Publication year - 2015
Publication title -
journal of eukaryotic microbiology
Language(s) - English
Resource type - Journals
SCImago Journal Rank - 1.067
H-Index - 77
eISSN - 1550-7408
pISSN - 1066-5234
DOI - 10.1111/jeu.12237
Subject(s) - biology , sterol , phylogenetic tree , gene , transcriptome , plastid , lineage (genetic) , biosynthesis , genome , phylogenetics , genetics , de novo transcriptome assembly , biochemistry , gene expression , chloroplast , cholesterol
Vitrella brassicaformis is the second discovered species in the Chromerida, and first in the family Vitrellaceae. Chromera velia , the first discovered species, forms an independent photosynthetic lineage with V. brassicaformis , and both are closely related to peridinin‐containing dinoflagellates and nonphotosynthetic apicomplexans; both also show phylogenetic closeness with red algal plastids. We have utilized gas chromatography/mass spectrometry to identify two free sterols, 24‐ethylcholest‐5‐en‐3β‐ol, and a minor unknown sterol which appeared to be a C 28:4 compound. We have also used RNA Seq analysis to identify seven genes found in the nonmevalonate/methylerythritol pathway ( MEP ) for sterol biosynthesis.

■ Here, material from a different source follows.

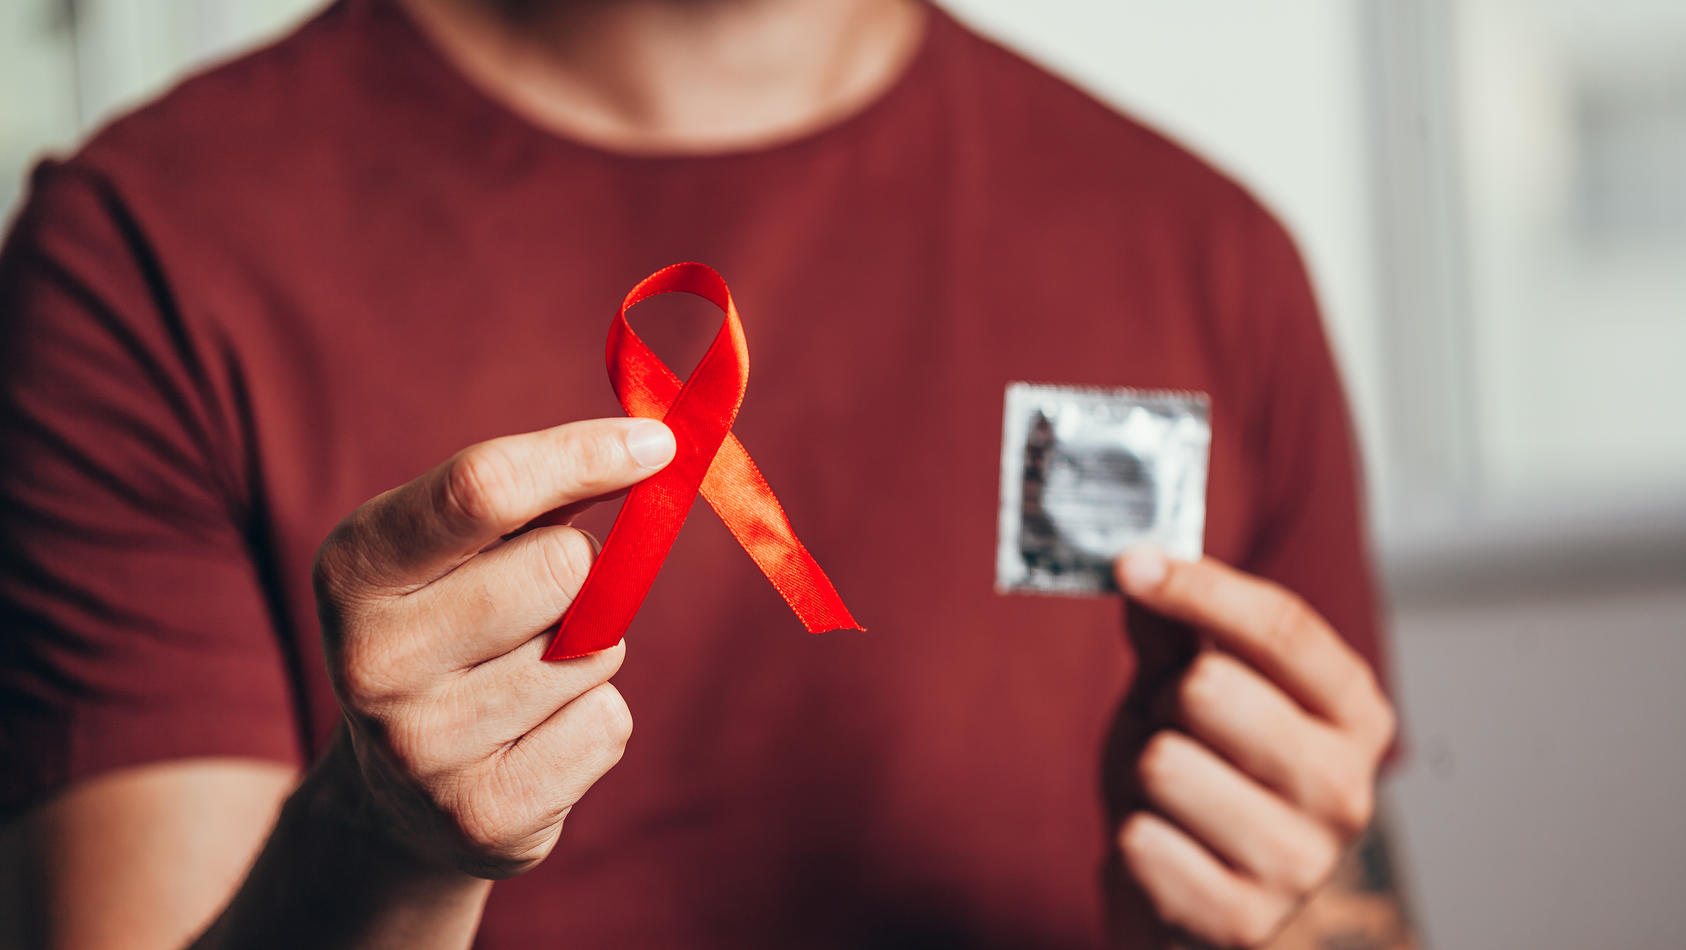 Ein Mann hält in der einen Hand ein Kondom, in der anderen eine rote Schleife, die für die Aufklärung der Krankheit HIV steht.

Subsequent genome analysis of V. brassicaformis showed the presence of two mevalonate ( MVA ) pathway genes, though the genes were not observed in the transcriptome analysis. Transcripts from four genes ( dxr , ispf , ispd , and idi ) were selected and translated into proteins to study the phylogenetic relationship of sterol biosynthesis in V. brassicaformis and C. velia to other groups of algae and apicomplexans. On the basis of our genomic and transcriptomic analyses, we hypothesize that the MEP pathway was the primary pathway that apicomplexans used for sterol biosynthesis before they lost their sterol biosynthesis ability, although contribution of the MVA pathway cannot be discounted.